Stored data =
● ● ●
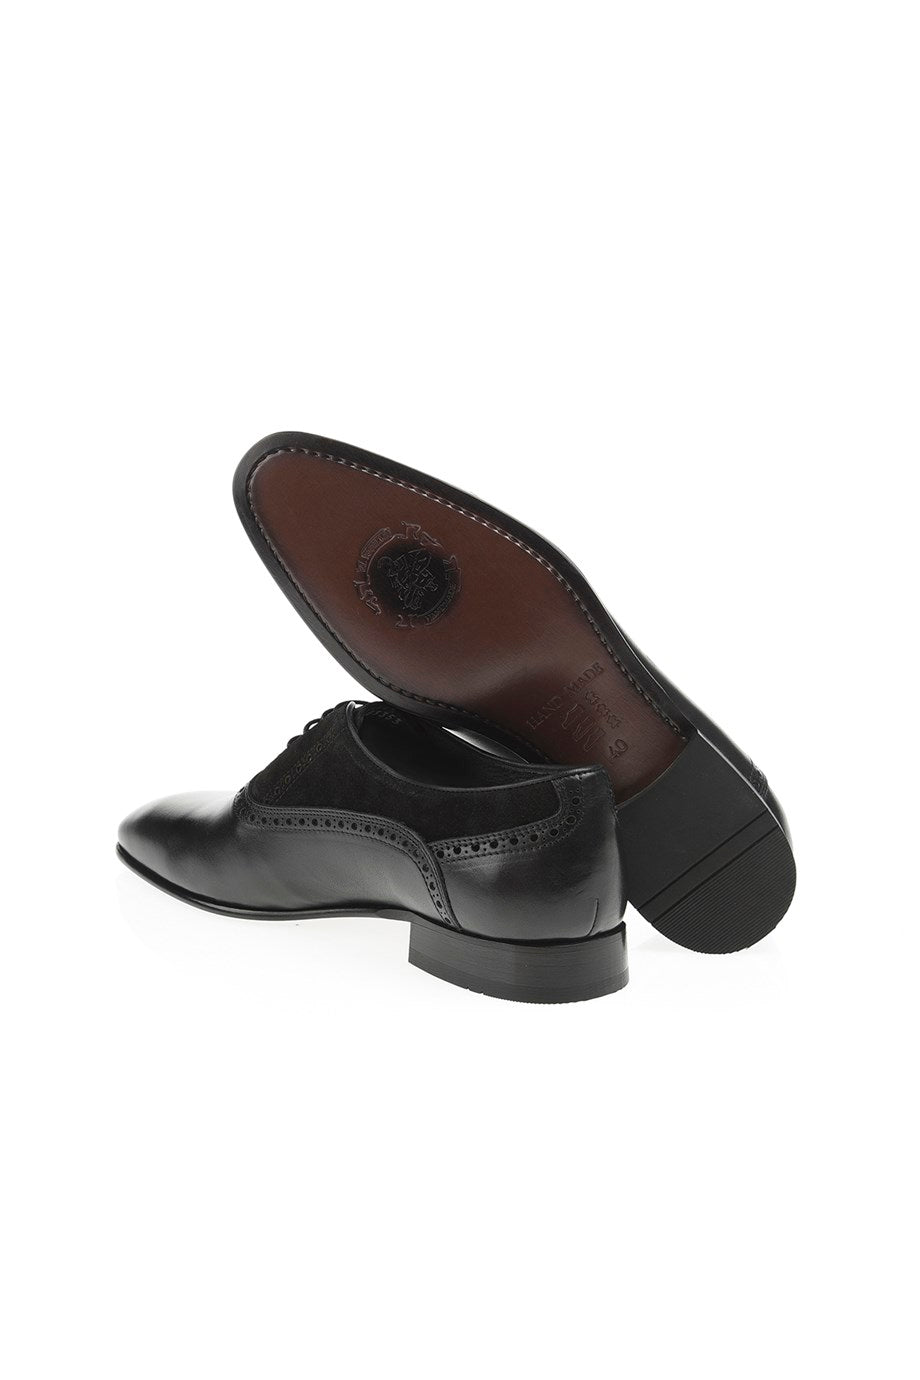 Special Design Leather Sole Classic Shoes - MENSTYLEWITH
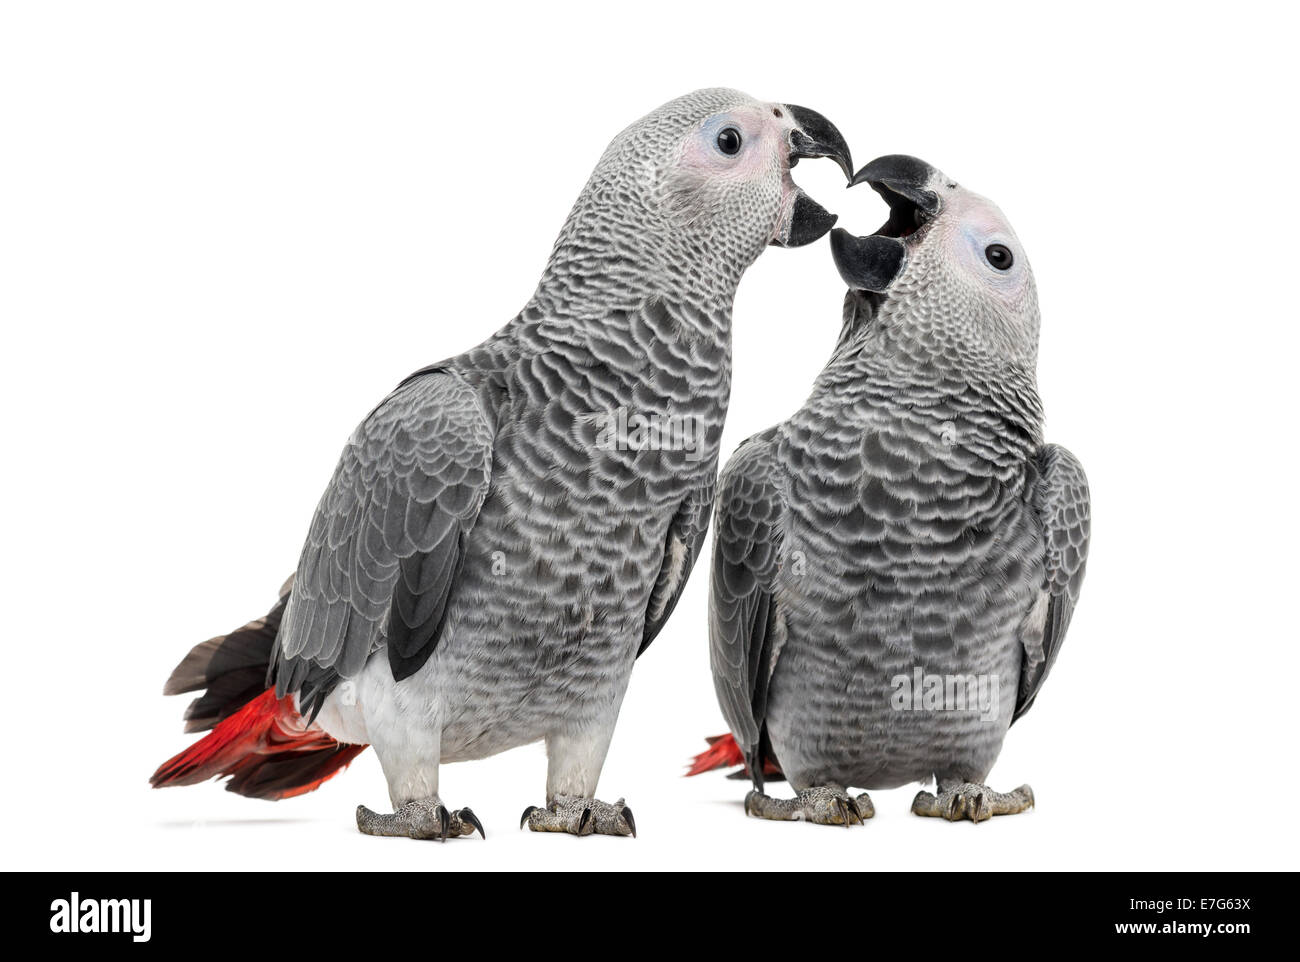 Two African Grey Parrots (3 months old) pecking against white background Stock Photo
● ● ●
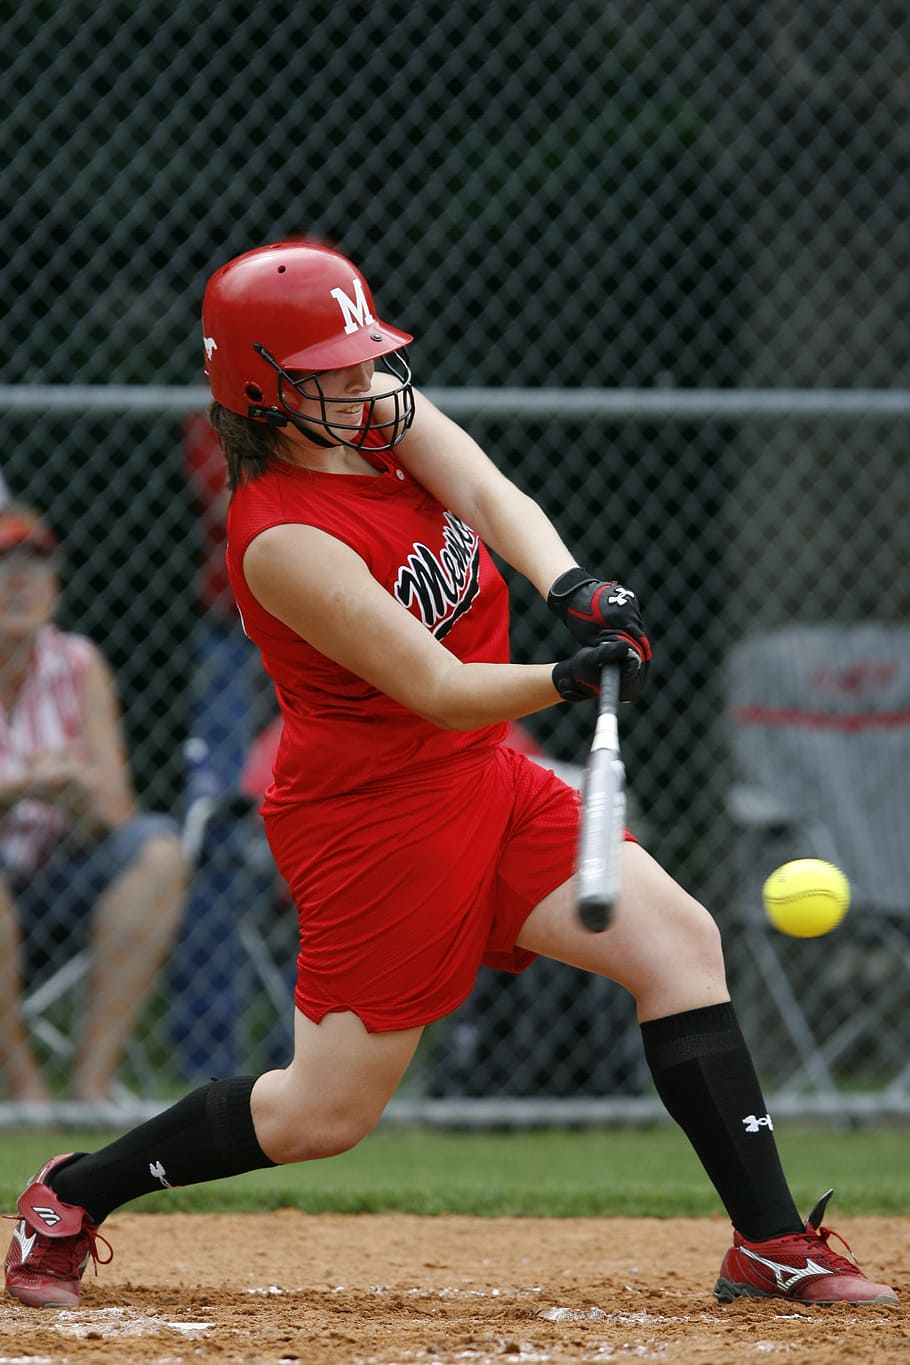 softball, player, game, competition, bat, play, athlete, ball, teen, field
● ● ●
Work instructions = From the line containing "Special Design Leather" through the line containing "Two African Grey", copy every line above exactly, without pictures.

Expected output =
 Special Design Leather Sole Classic Shoes - MENSTYLEWITH
 Two African Grey Parrots (3 months old) pecking against white background Stock Photo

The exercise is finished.